What kind of database? MS SQL Server?

What I do here is set the SQL agent to perform a backup to disk, then that 
directory is what gets copied to tape.  It removes files older than two days 
when it finishes so I always have my least two backups on disk before I have to 
break out a tape.  I do the same thing with a script for mysql. The script 
stops the service, runs xcopy to dump the data directories to a backup folder, 
the restarts the service. Takes about 30 seconds.

This would be cheap to do. All you need is disk space.  The tape is then your 
second line of defense, not your first.

You could even go as far as getting a cheap NAS device like the one from iomega 
and just use it to hold backups.  Run your tapes against that for a permanent 
archive.

Sorry for the top post.

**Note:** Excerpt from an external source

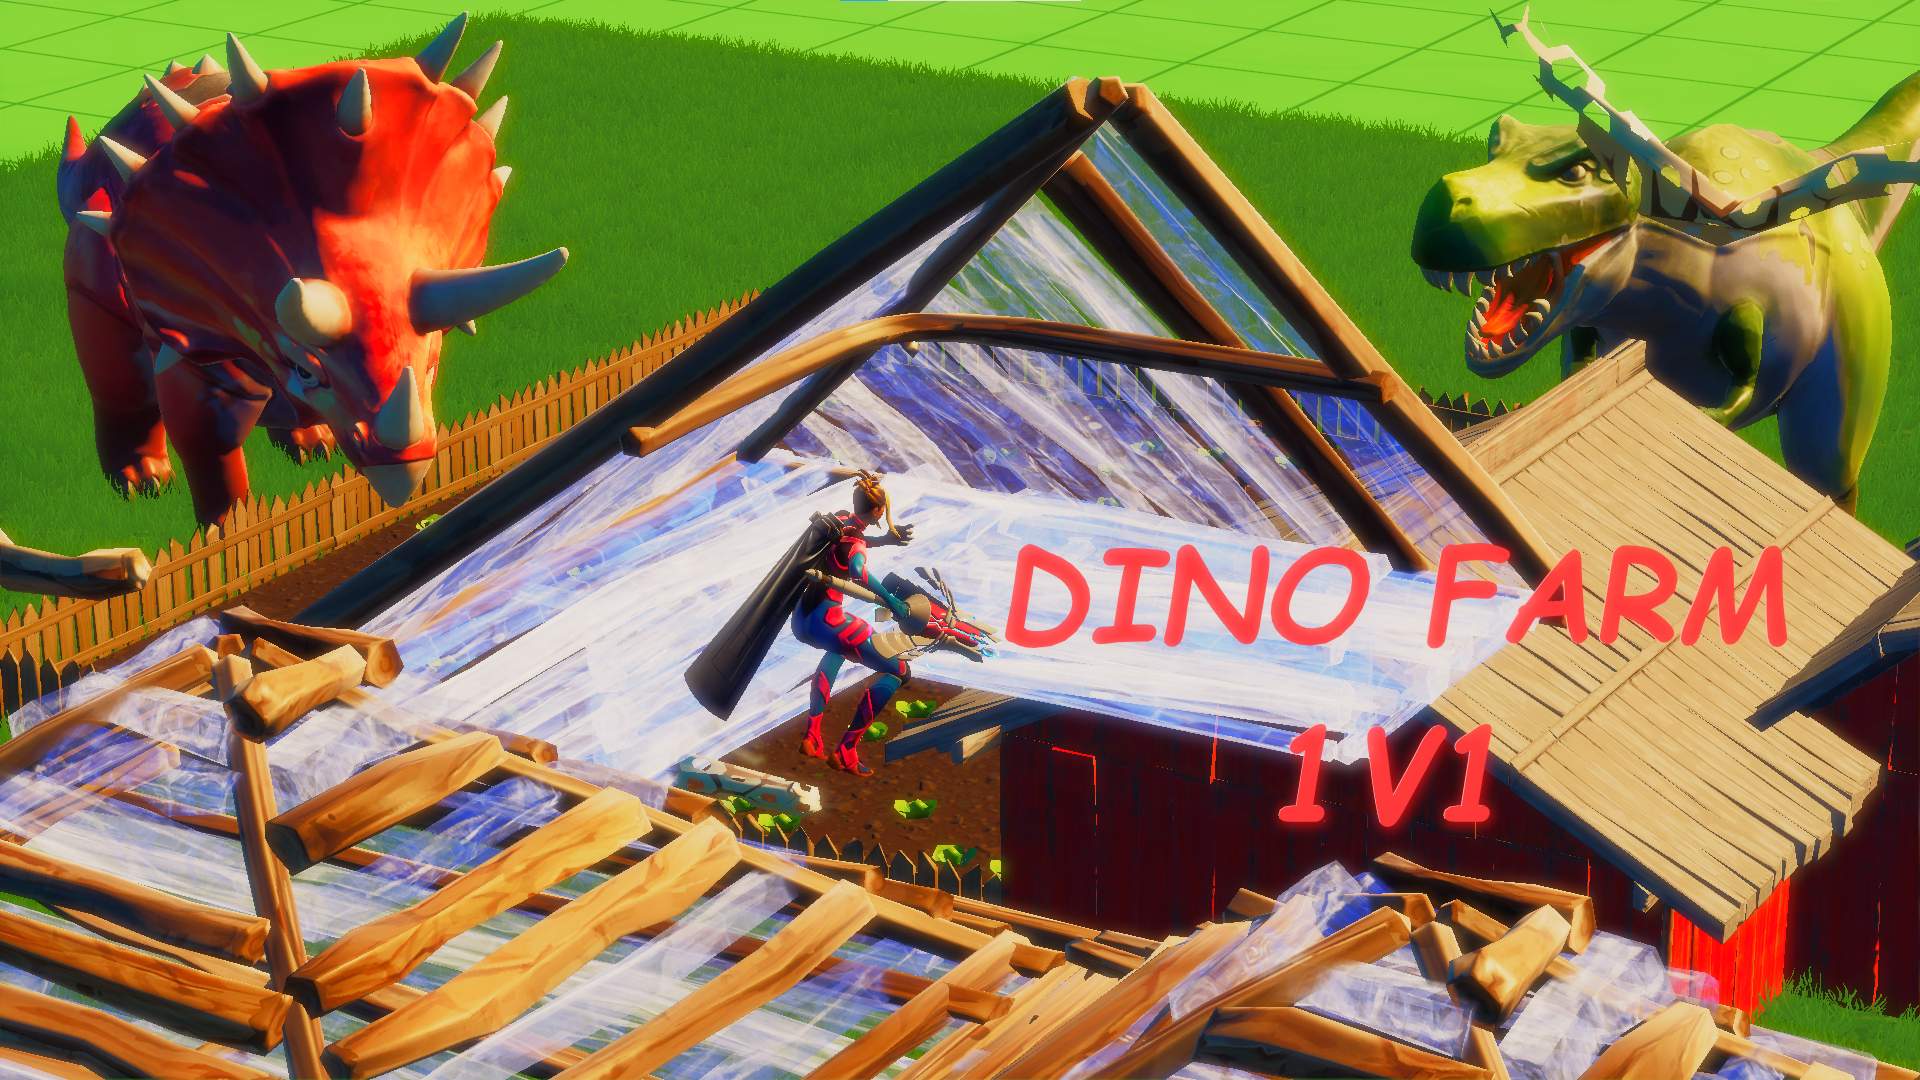 Dino Farm 1v1
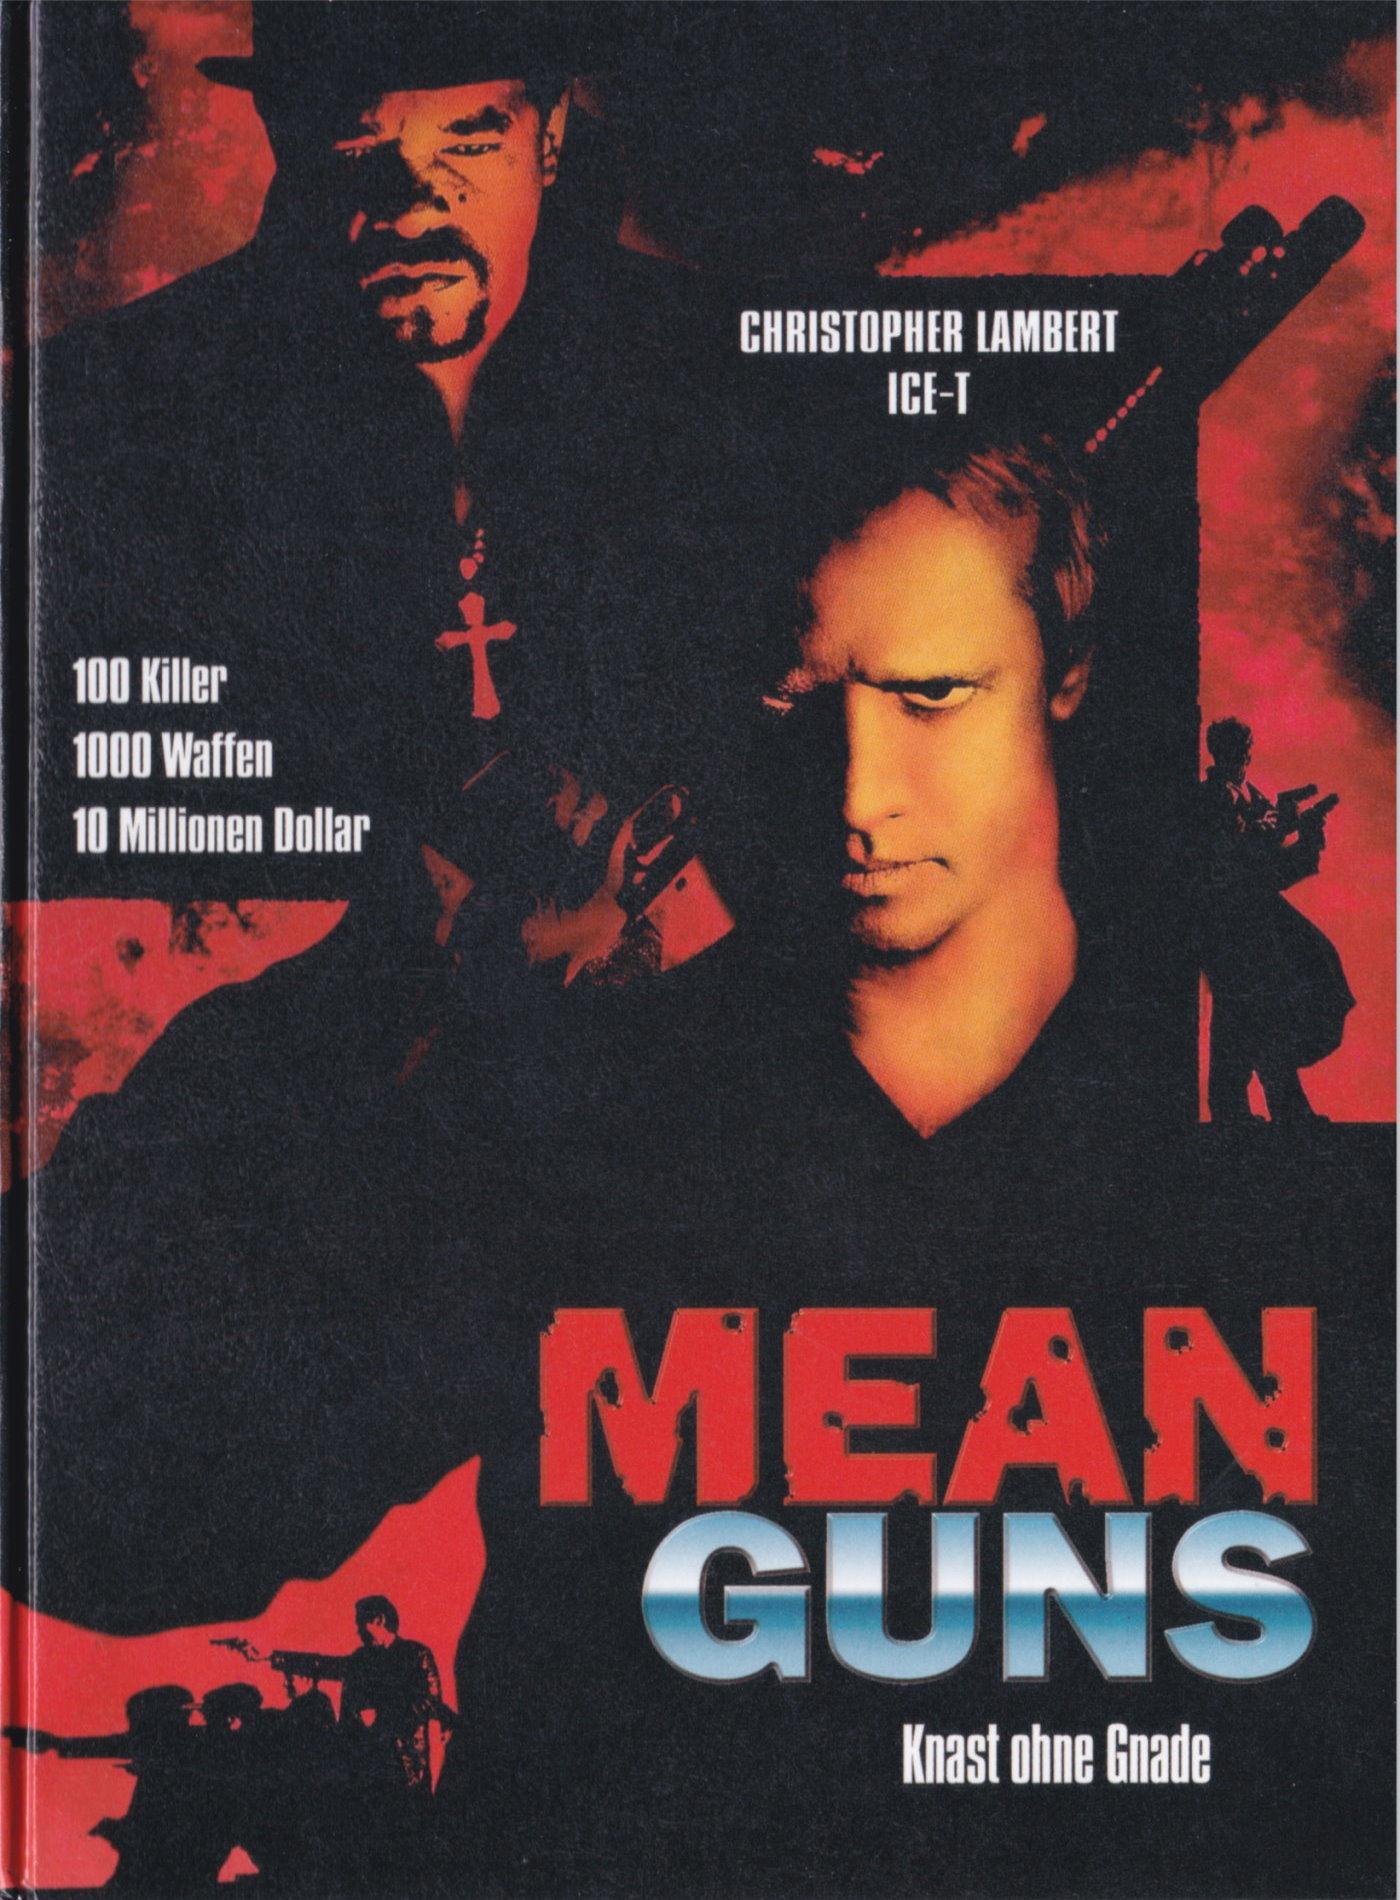 Cover - Mean Guns - Knast ohne Gnade.jpg

I know you hate that.  It's late.

Greg

-----Original Message-----
From: windows2000-bounce@xxxxxxxxxxxxx
[mailto:windows2000-bounce@xxxxxxxxxxxxx]On Behalf Of Chris Berry
Sent: Wednesday, October 29, 2003 5:40 PM
To: oclug@xxxxxxxxx; windows2000@xxxxxxxxxxxxx
Subject: [windows2000] Backups


Currently we use a 60gb Onstream Tape drive and Veritas Backup Exec to 
backup our data nightly to tape.  The tape drives are not that great, and 
we're only getting about 6000 hours meantime between failure, in addition 
the restore success rate is only about 95% (As in it fails about one time in 
20, so if I have a month of backups one of them is probably bad).  
Considering the low cost of the tape drives ($350) this isn't that 
surprising, but I don't have the budget available to buy a decent system 
($5k-$12k).

There is a small subset of our data (the database dat files) that is both 
mission critical and very time sensitive (currently about 2.3gb worth, but 
growing about a meg a day).  Because of the way the databse works there 
cannot be any competing file access (a file locking issue) so I can't use 
any kind of hot backup system.  So far while I've been working here there 
have been a number of times where we've had to restore from the previous 
day's backup which is bad enough but not my fault, however on three 
occassions, we had to go more than one day back because the data wouldn't 
restore properly.

I would like to minimize the possibility of this multi-day rollback, but I 
have very little budget to accomplish this.  Less than a thousand dollars up 
front or two hundred a month (most likely).  I'm considering implementing 
some sort of second backup system, possibly an online backup.  Does anyone 
have any suggestions, recommendations, ideas, etc.?

Chris Berry
compjma@xxxxxxxxxxx
Systems Administrator
JM Associates

"Live dangerously, overclock your servers."